RE: Suggestions in Unicode Indic FAQ

From: Kent Karlsson (kentk@md.chalmers.se)
Date: Mon Feb 03 2003 - 12:29:47 EST

Next message: Deborah Goldsmith: "Re: How is glyph shaping done?"

Previous message: Kent Karlsson: "RE: Suggestions in Unicode Indic FAQ"
In reply to: Keyur Shroff: "RE: Suggestions in Unicode Indic FAQ"
Next in thread: Doug Ewell: "Re: Suggestions in Unicode Indic FAQ"
Reply: Doug Ewell: "Re: Suggestions in Unicode Indic FAQ"
Messages sorted by: [ date ] [ thread ] [ subject ] [ author ] [ attachment ]
Mail actions: [ respond to this message ] [ mail a new topic ]

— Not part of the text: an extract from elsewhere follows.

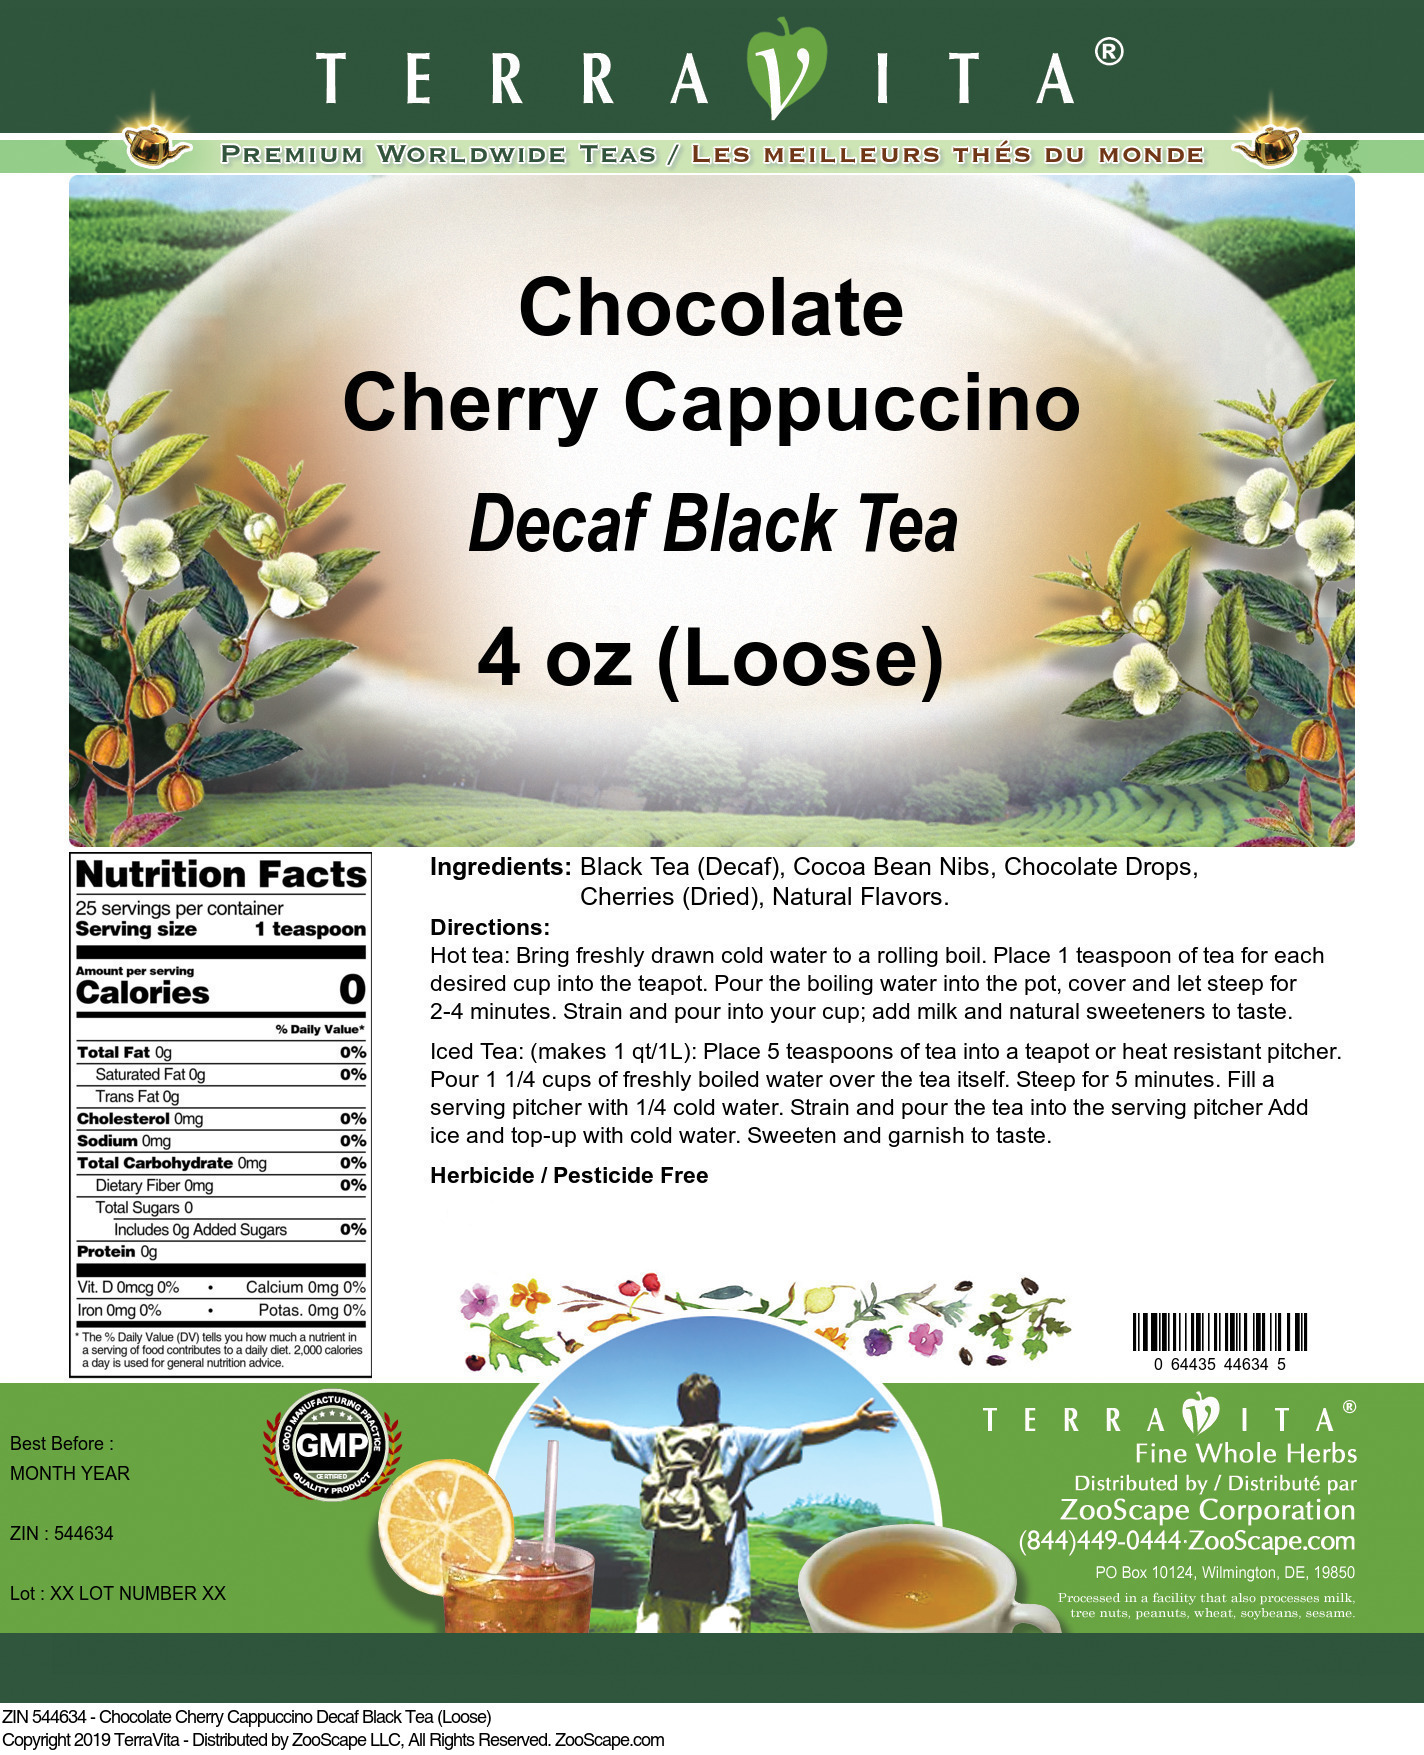 Chocolate Cherry Cappuccino Decaf Black Tea (Loose)

> > No, with proper reordering (and "normal" display mode), the e-matra at
> > the beginning of the second word would appear to be last glyph of the
> > first "word". Similarly, for the second case, the e-matra glyph would
> > have come to the left of the pa. The fluent reader (ok, not me...)
> > would then see those errors anyway, just like I can find spelling
> > errors in Swedish, most often without any kind of special marking. (I'm
> > assuming through-out that reordrant combining characters
> are reordered.)
>
> Illegal sequences

There are no illegal sequences.

> are not reordered as you indicated.

Then that is a problem with the display software you are using.

> Also, as far as I
> know there is no mention of reordering of illegal input sequence (or
> invalid combining mark) in Unicode standard.

Again, there are no "illegal input sequences".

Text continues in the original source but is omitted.